I am moving from Ireland to Saskatoon and I am wondering if anybody can point me in the right direction for the following
1. good reasonably priced removal companies (no furniture, only computers, clothes and paperwork)
2. good locations in the city to rent 
3. what is public transport like or will i need to purchase a car
4. if i need a car what are the prices like for good 5-10 year 2nd hand cars and cost of insurance?

thanks in advance for all comments


----------



## Wexford_Ireland (Mar 6, 2012)

Insurance is heavy, even in Saskatchewan where it's state insurance, expect to pay 1200 and that's for a local.

Not sure how it will work out for you with no transferable no claims bonus. Oh and your drivers license isn't valid you'll have to take a one off test to convert and if you fail you'll be doing the provisional licenses thing. Google G1, G2 and G driver categories.

John


----------



## JGK (Dec 12, 2009)

Wexford_Ireland said:


> Insurance is heavy, even in Saskatchewan where it's state insurance, expect to pay 1200 and that's for a local.
> 
> Not sure how it will work out for you with no transferable no claims bonus. Oh and your drivers license isn't valid you'll have to take a one off test to convert and if you fail you'll be doing the provisional licenses thing. Google G1, G2 and G driver categories.
> 
> John


If you think that's heavy, thank god your not in the GTA. I'm in SK and have 9 years clean driving in Canada so I'm paying between $700 - 800 when left the GTA in 2009 my next renewal was priced at $1600.


----------



## Andy H (Mar 16, 2012)

thanks for the replies. 
Cars will be a big thing as unfortunately i have to leave my rallycar in Ireland. whats the motorsport scene like in saskatoon?

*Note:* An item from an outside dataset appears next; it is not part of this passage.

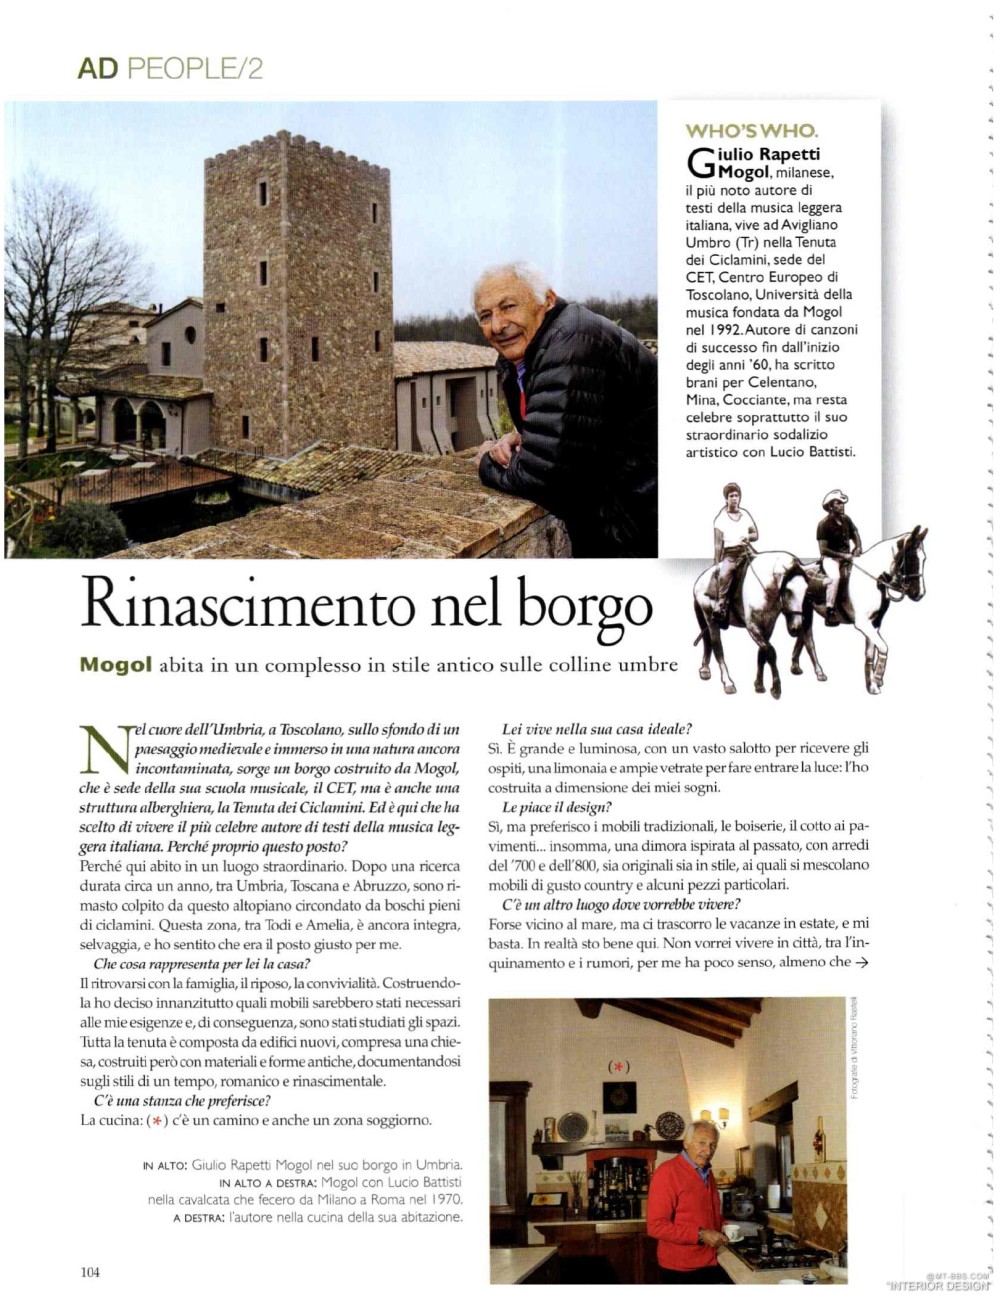 意大利AD 杂志 2012年全年JPG高清版本 全免（上传完毕）_0106.jpg

whats apartment rental and locations like 

andy


----------



## Andy H (Mar 16, 2012)

JGK said:


> If you think that's heavy, thank god your not in the GTA. I'm in SK and have 9 years clean driving in Canada so I'm paying between $700 - 800 when left the GTA in 2009 my next renewal was priced at $1600.


whats GTA???


----------



## Wexford_Ireland (Mar 6, 2012)

*G*reater *T*oronto *A*rea


----------